* EXTRACTED ENTRIES *

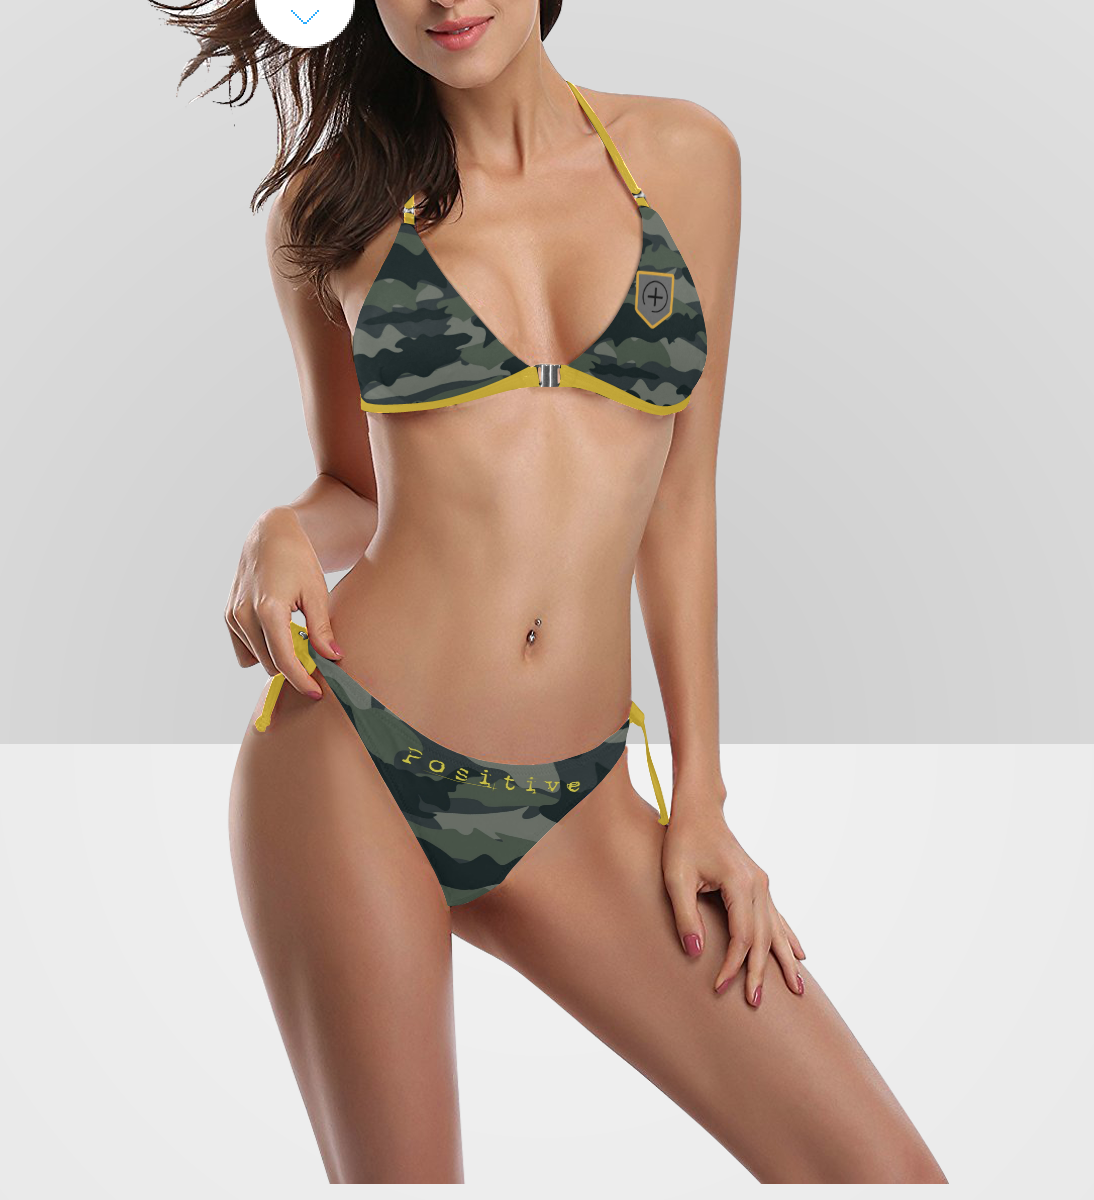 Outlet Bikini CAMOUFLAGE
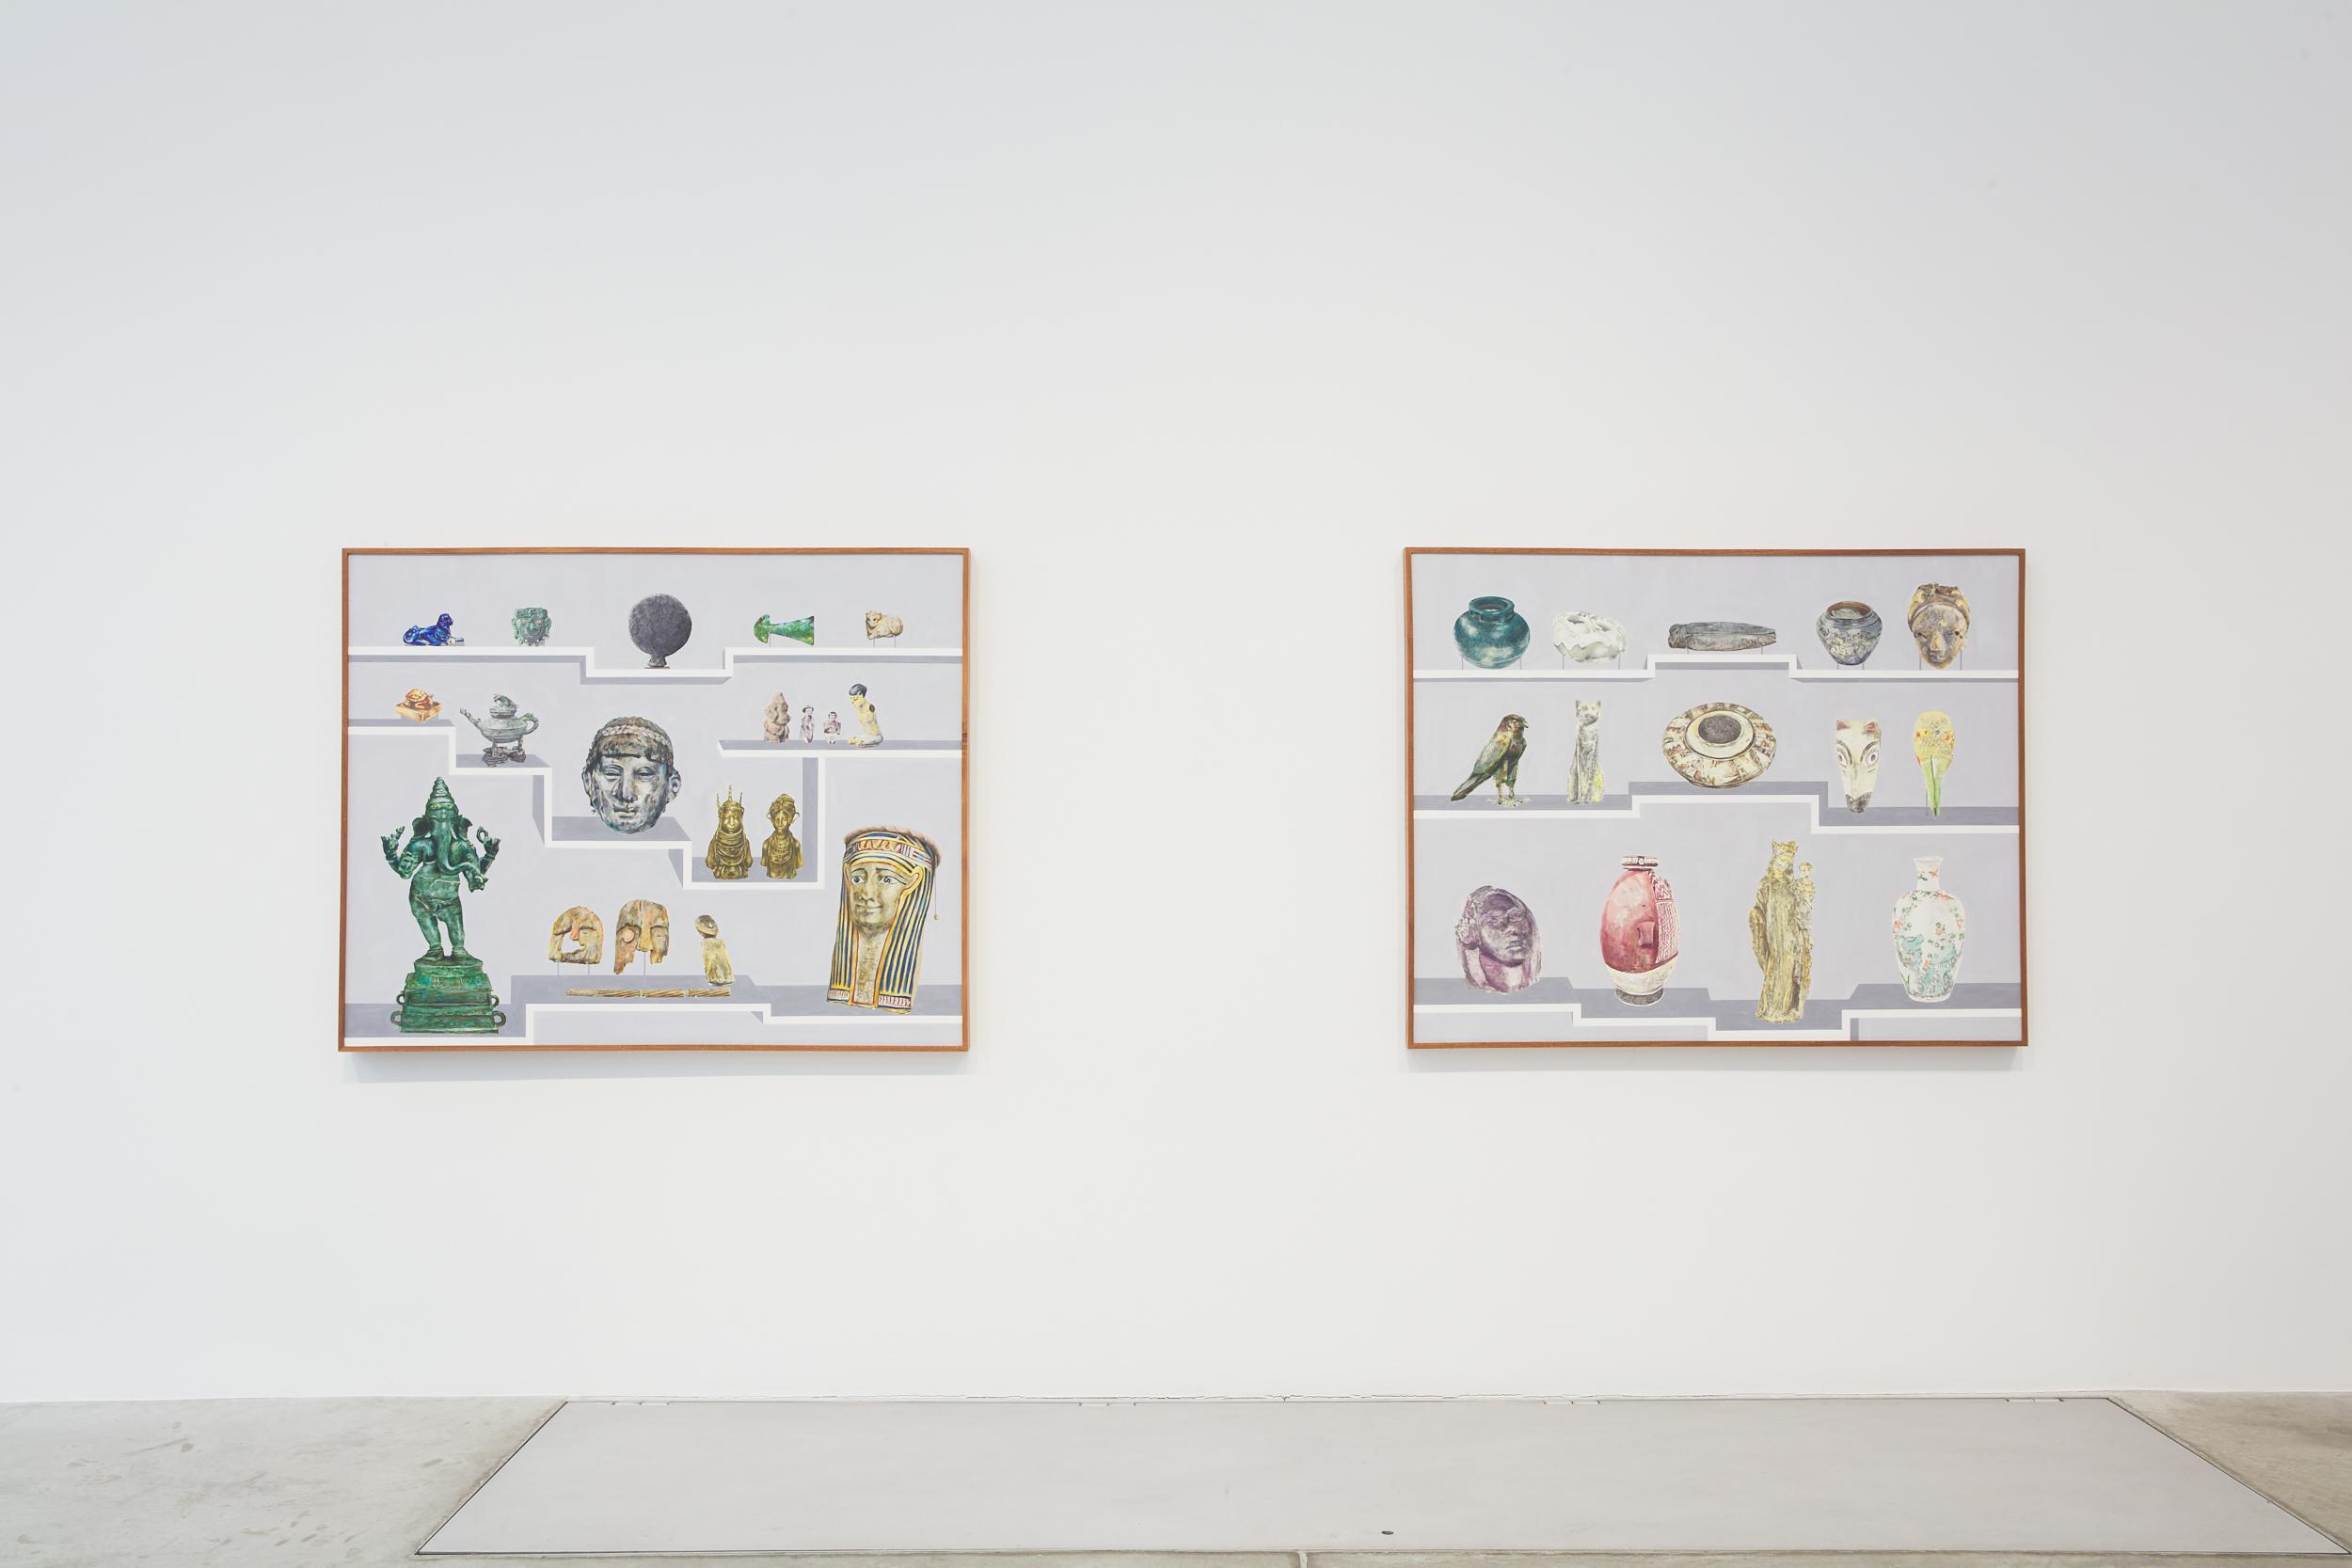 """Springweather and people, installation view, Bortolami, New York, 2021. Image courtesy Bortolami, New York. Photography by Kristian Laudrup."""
--
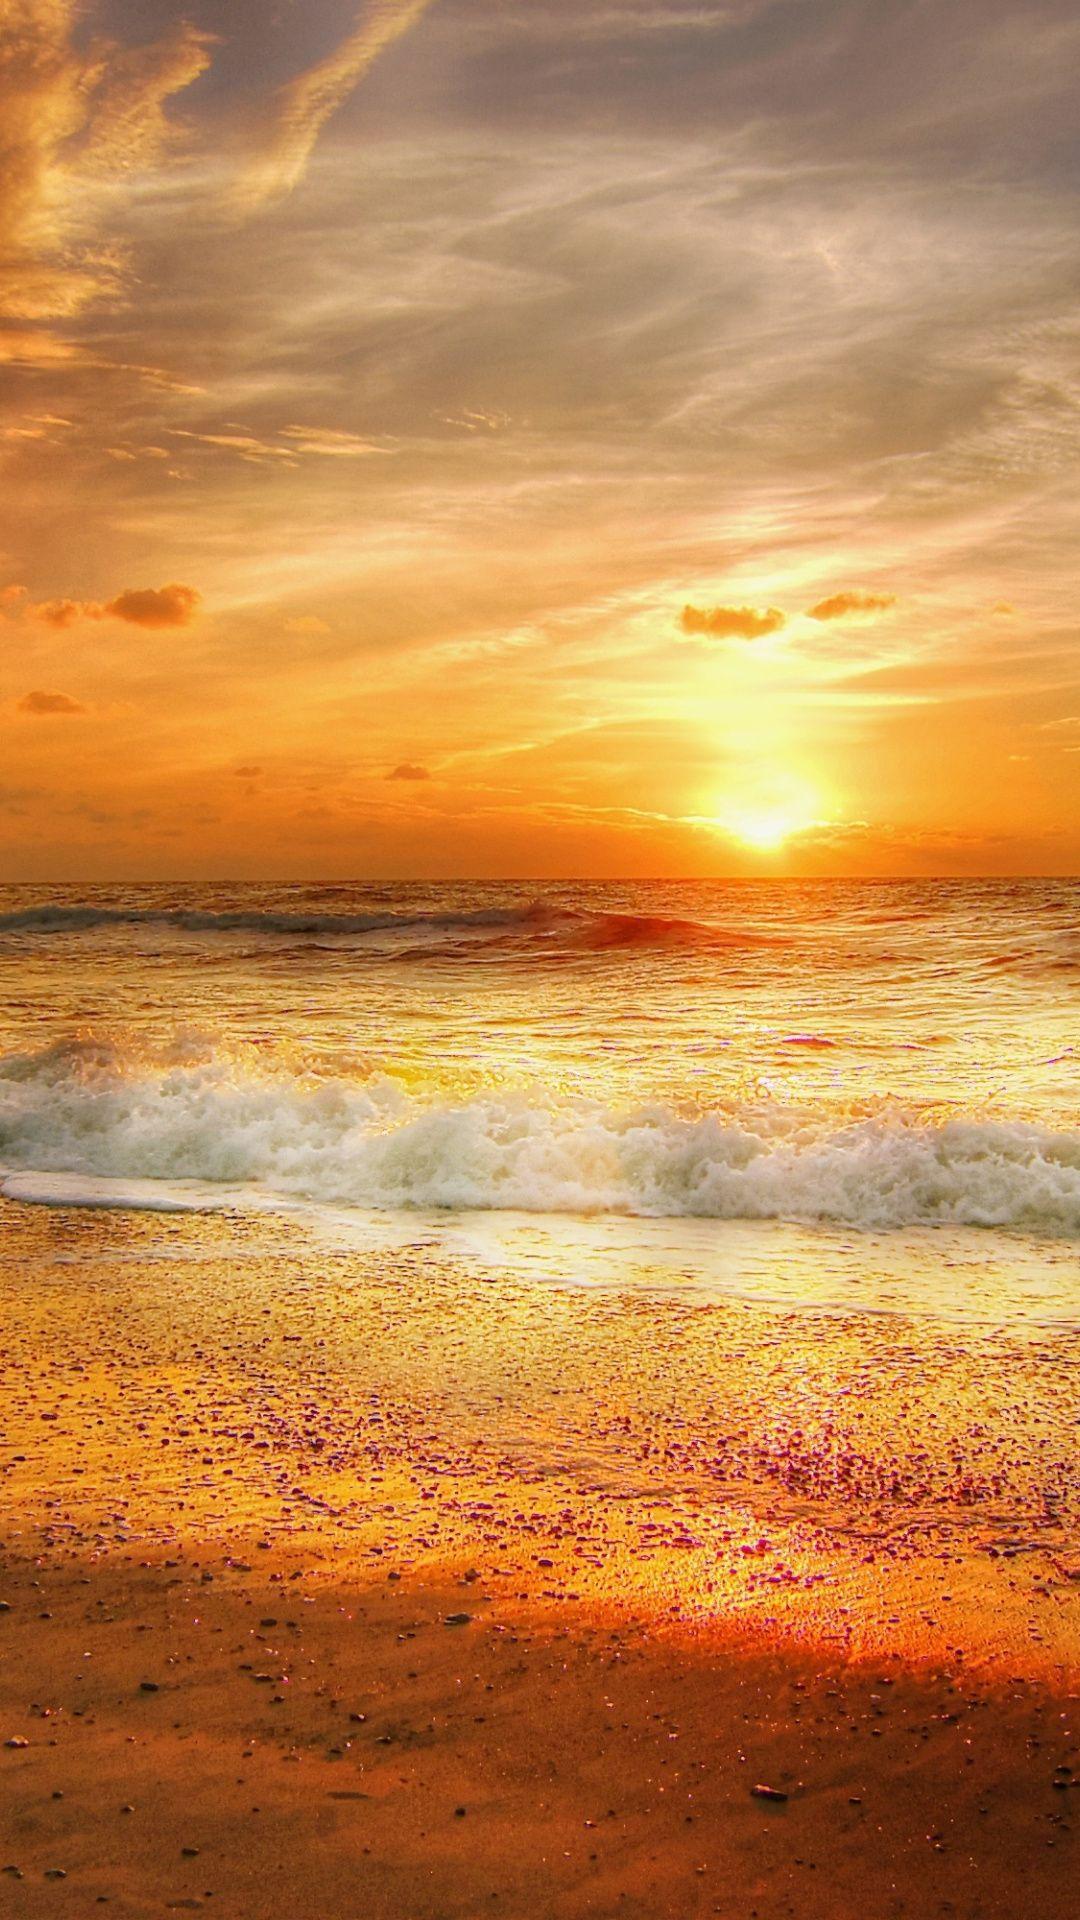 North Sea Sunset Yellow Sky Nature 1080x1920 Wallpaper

* EXERCISE INSTRUCTIONS *
Range to copy from the listing above: the line containing "Outlet Bikini CAMOUFLAGE" down to the line containing "and people, installation", both included. Reproduce it exactly, minus the pictures, and add nothing.

* PROBLEM SOLUTION *
 Outlet Bikini CAMOUFLAGE
 """Springweather and people, installation view, Bortolami, New York, 2021. Image courtesy Bortolami, New York. Photography by Kristian Laudrup."""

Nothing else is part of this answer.